### RECORDED DATA
----------

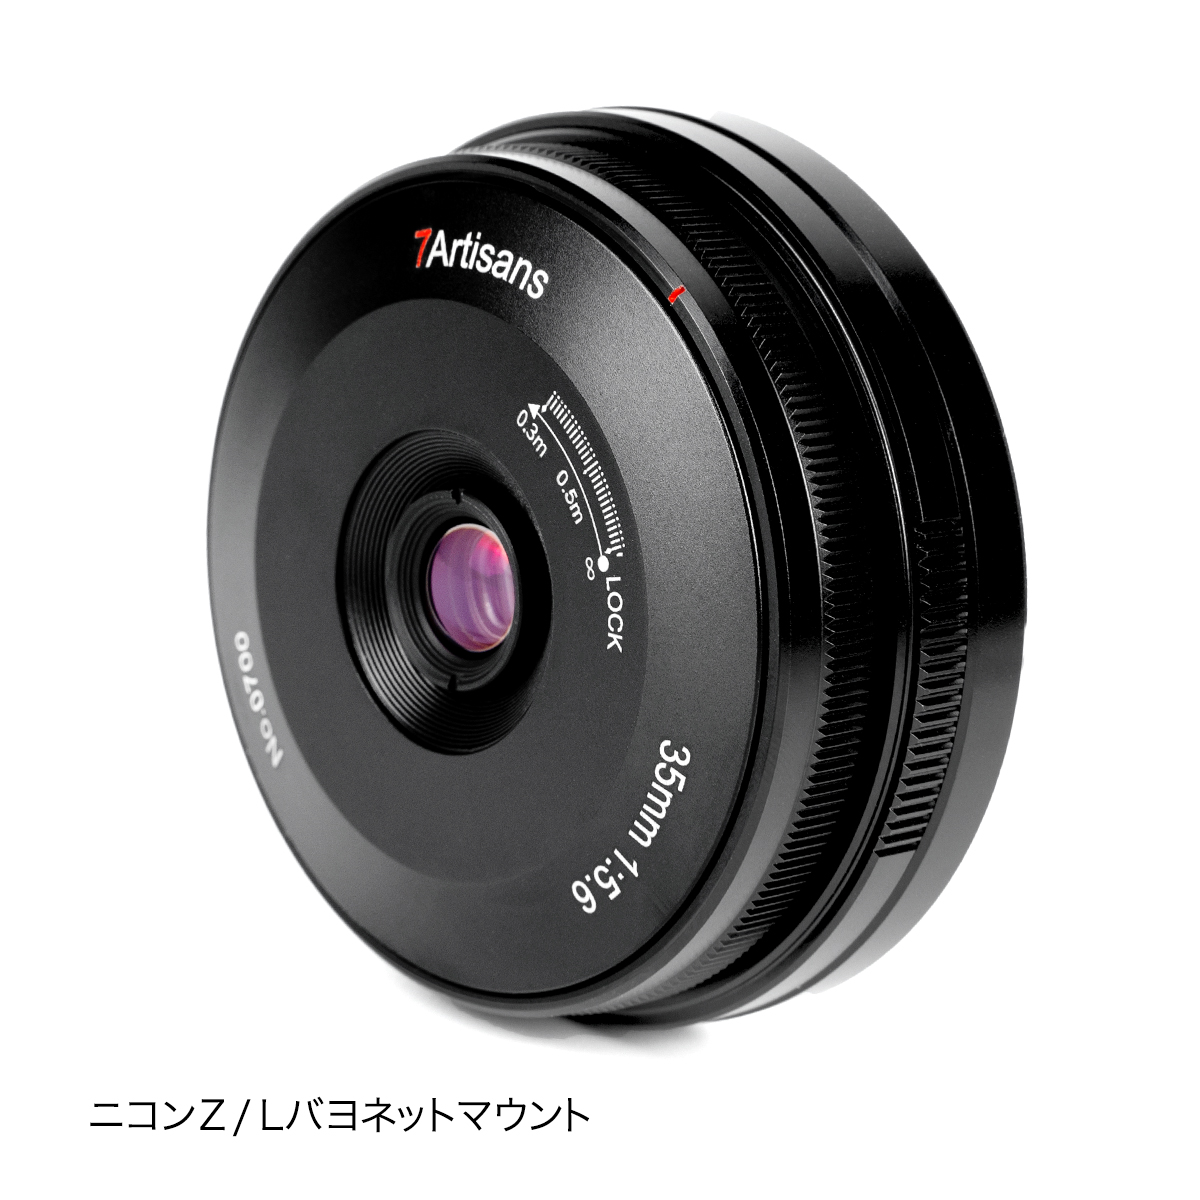 七工匠 7Artisans 35mm F5.6 単焦点レンズ ブラック
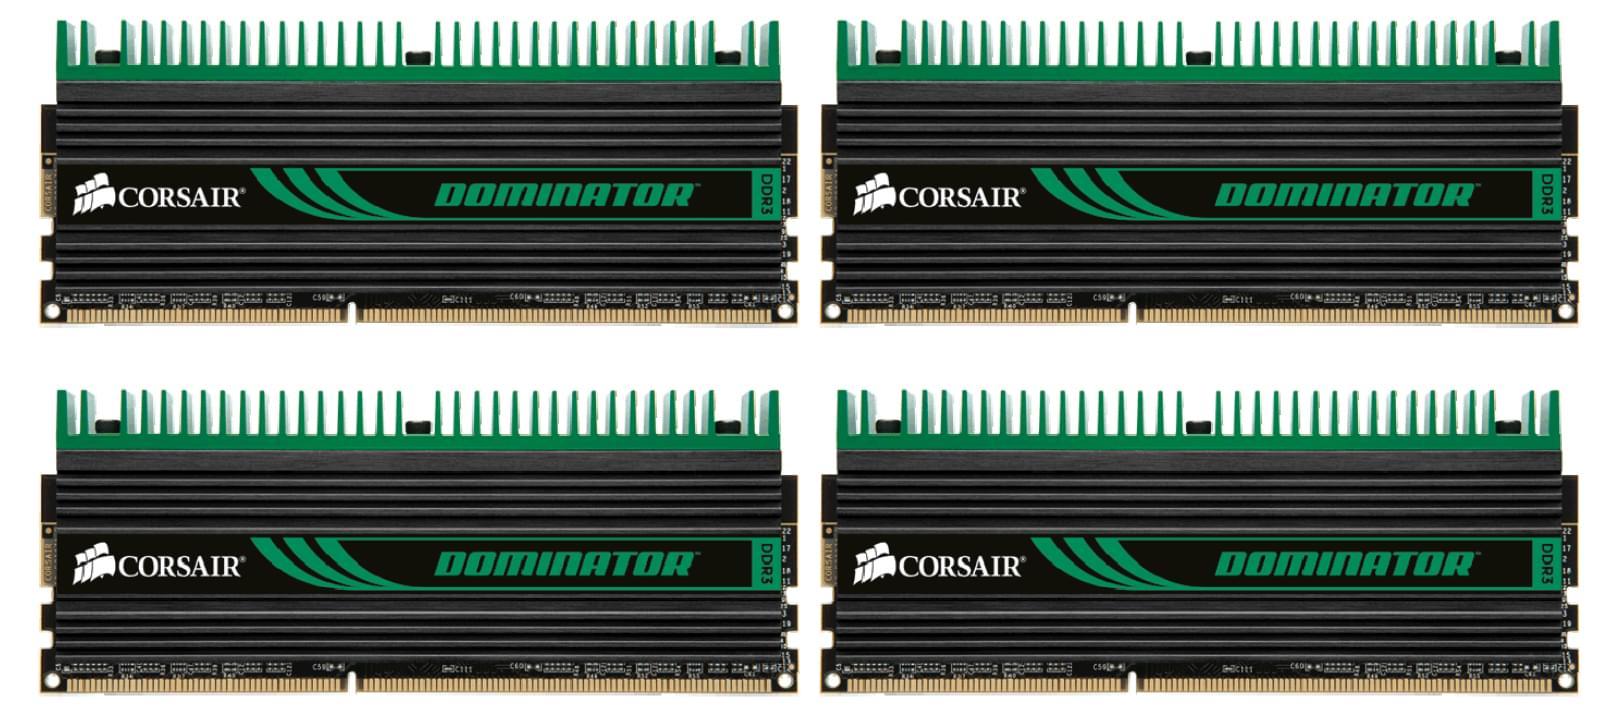 Corsair CMD8GX3M4A1333C7  8Go DDR3 1333MHz - Mémoire PC Corsair - 0
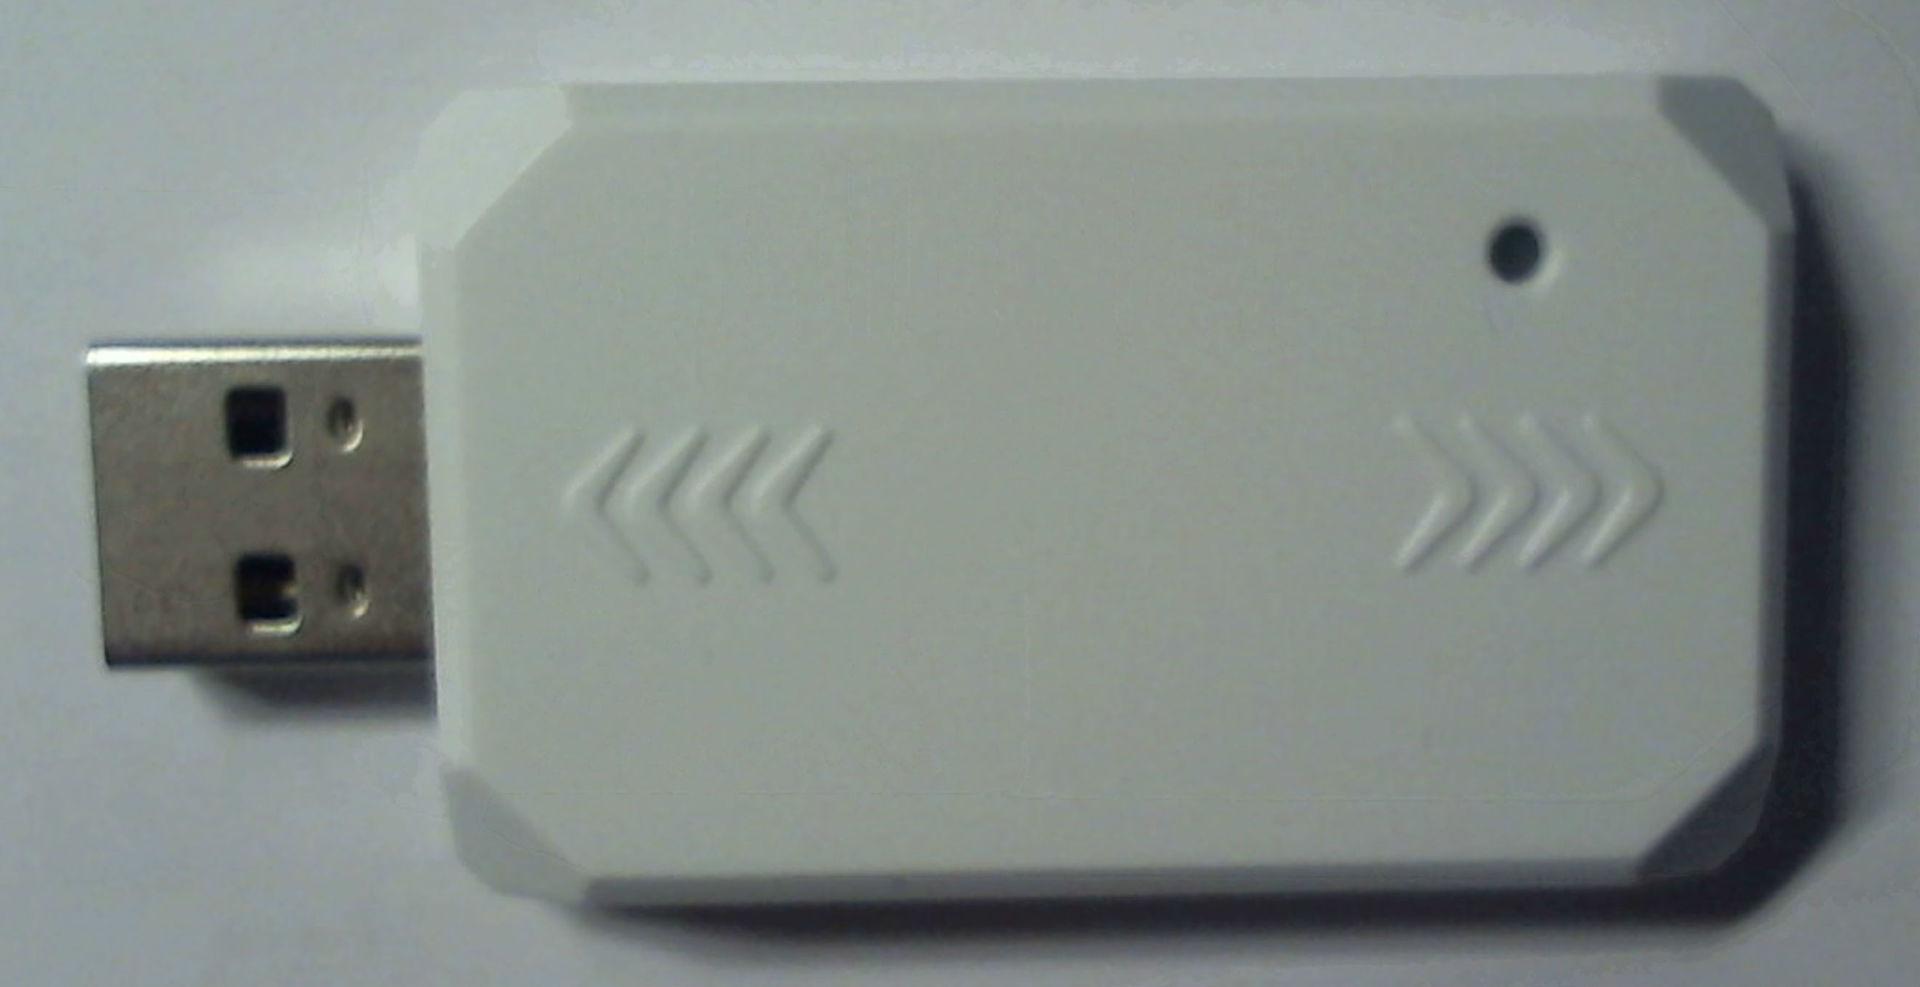 Внешний вид родного модуля WiFi Haier

----------

Output the lines above in full and exactly as given, omitting any pictures.

### RESULT OF THE EXERCISE
 七工匠 7Artisans 35mm F5.6 単焦点レンズ ブラック
 Corsair CMD8GX3M4A1333C7  8Go DDR3 1333MHz - Mémoire PC Corsair - 0
 Внешний вид родного модуля WiFi Haier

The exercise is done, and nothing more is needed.